Why have the other side got the ball to throw in? We had it last. I think the referee has got this wrong. Look at that: the man threw it to his own team and now they’ve got the ball. Now they’re all over the floor and it’s hard to tell what’s going on.

Wa-hey, that Ulsterman’s got the ball! Whoops, he’s dropped it. Ach well, never mind, it is pissing it down and it’s probably a bit slippy. What do you mean, the others get a scrum? He didn’t mean to drop it. That’s just not fair.

Scrums are boring.

Hooray, a penalty!

Didn’t he kick it beautifully? I bet it’s because his mum raised him on soda farls. Oh, South African, is he? Well, never mind, I’m sure his mother loves him anyway.

HALF-TIME

Boys-oh-boy but that’s a fine figure of a man. Have you any idea if he’s single? I have three daughters. And no grandchildren. Except for two dogs. And they’re both spayed.

SISTER’S INTERJECTION

– Is that Andrew Trimble?

– Yep; how did you know?

– We used to catch the same bus to school.

– Was he nice?

– Yeah, decent bloke.

– He’s retired now; that’s why he’s doing commentary.

– Oh Christ, I feel old.

RETURN TO THE MOTHERSHIP

Have you got his phone number?

SECOND HALF

Oh, d’ye see that fella there? That’s Stuart McCloskey. He goes to my hairdresser. He has lovely hair, so he does. He doesn’t half darken the doorway when he walks into the shop though.

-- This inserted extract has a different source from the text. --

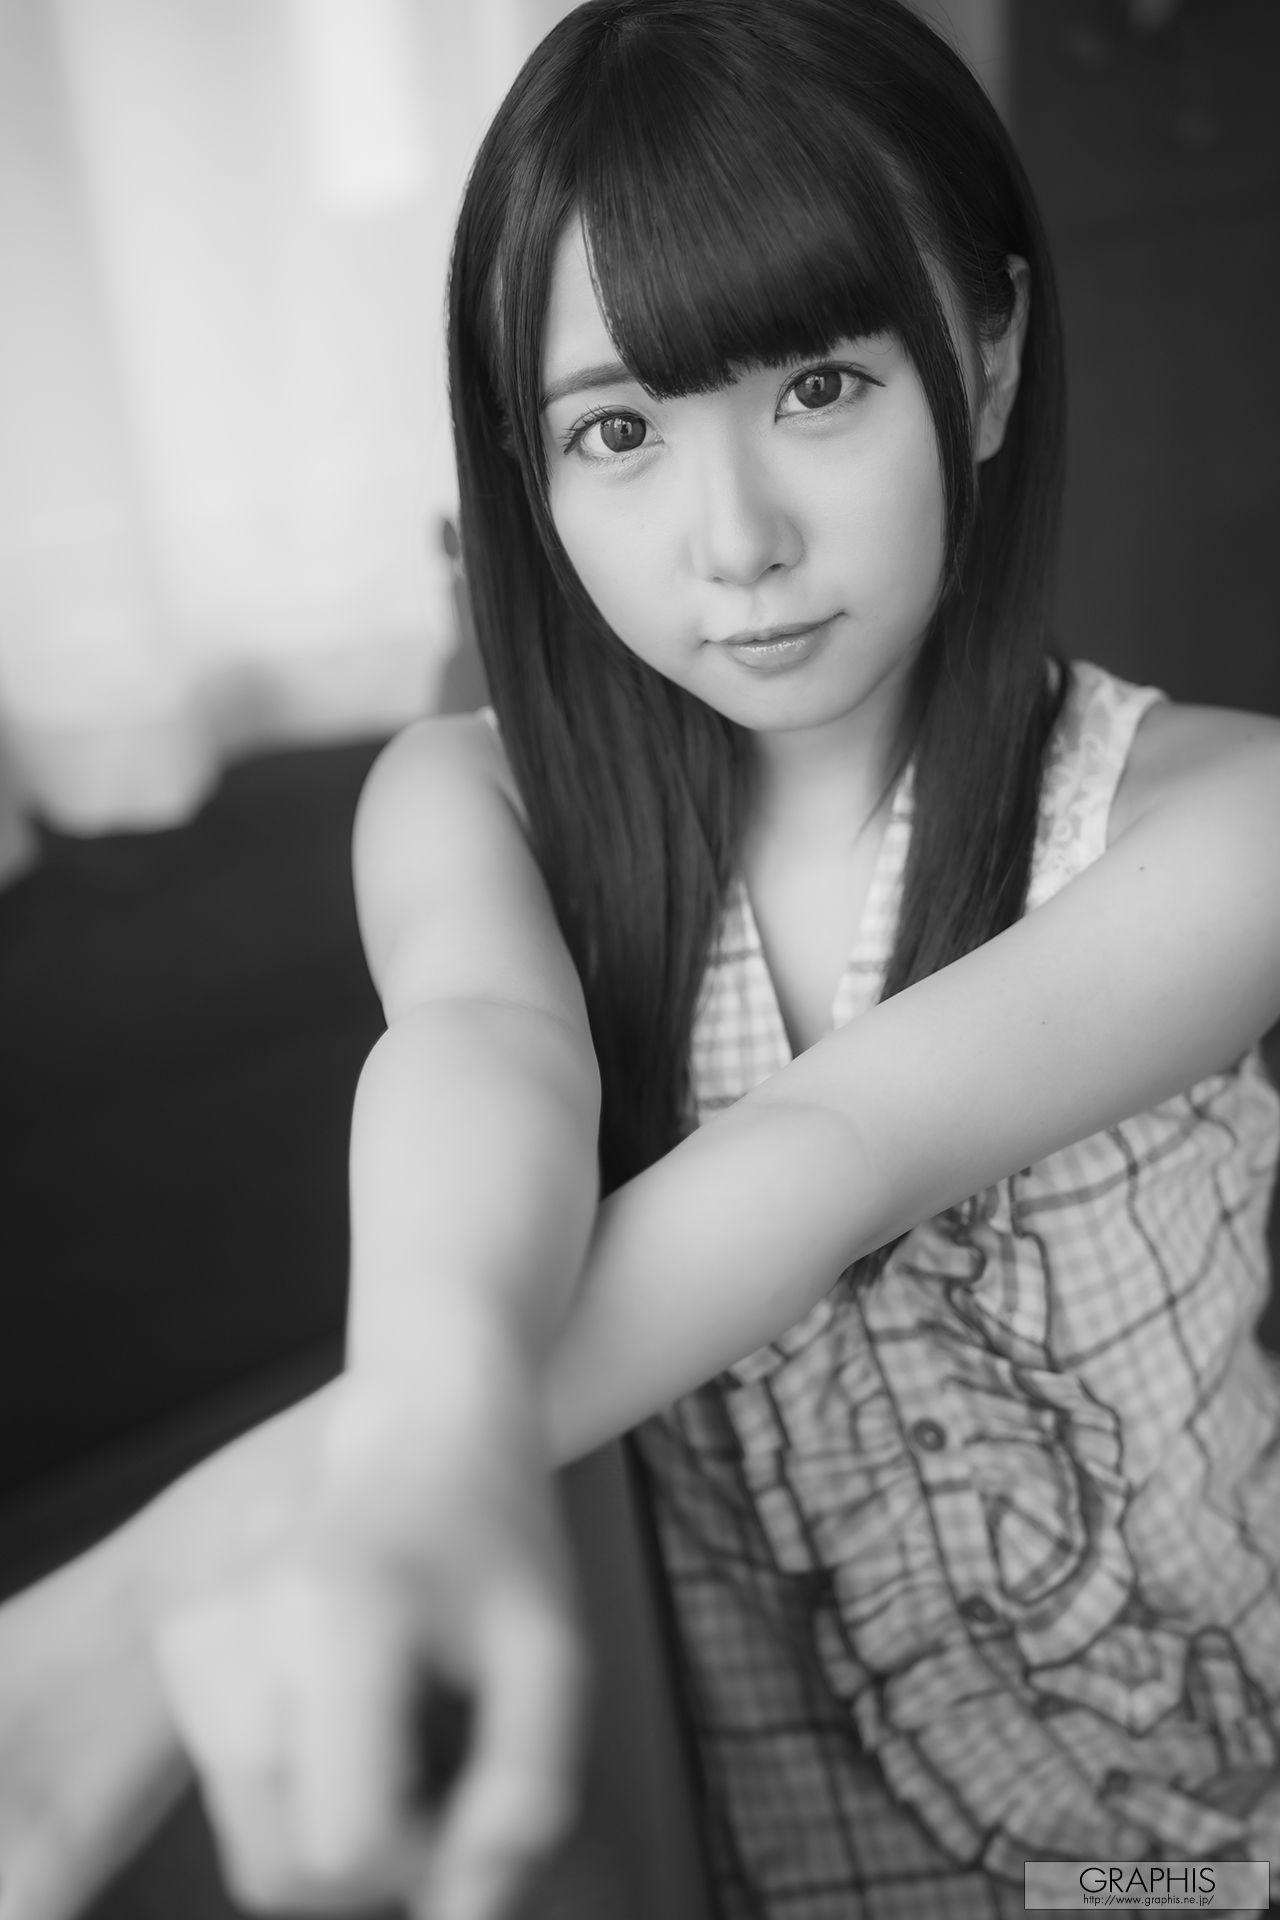 VOL.472 [Graphis]日本萌妹子:梦见照歌(夢見照うた)超高清写真套图(11P)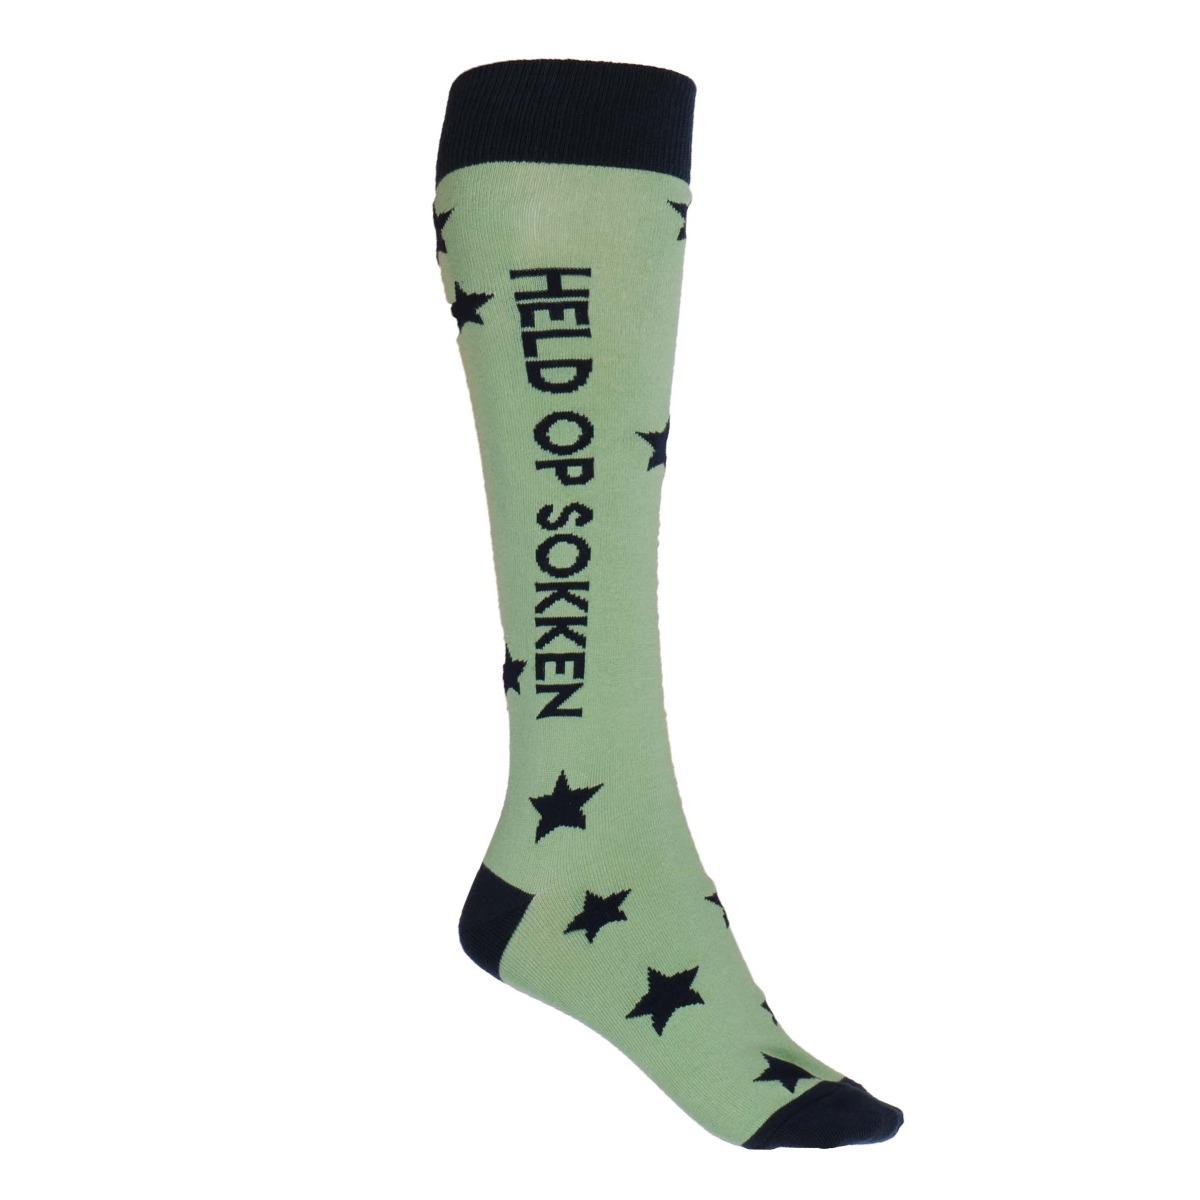 Mondoni Held op sokken kniekousen lichtgroen maat:35-38

Would you look at that nonsense! All the other fellas are piling on top. That’s bullying. Why doesn’t the referee stop it?

Ach for fuck’s sake the referee is awarding a penalty to the other side! This is a travesty. What do you mean, failed to release the ball? It was his bloody ball and I don’t see why he should give it to them. That’s ridiculous.

Well, this is more like it. Brave boys running down the pitch and putting the ball down over the line.

What’s a TMO? Turd Match Official? Why shouldn’t you be able to throw the ball in any direction you like if you’ve got it?

See that. I was right. Ulster vindicated. I don’t know why there was any dispute.

Well, there you are now, Martin.* Match won despite the other’s side’s cheating and the referee being biased.

*I have no idea where this phrase comes from, but it might be this.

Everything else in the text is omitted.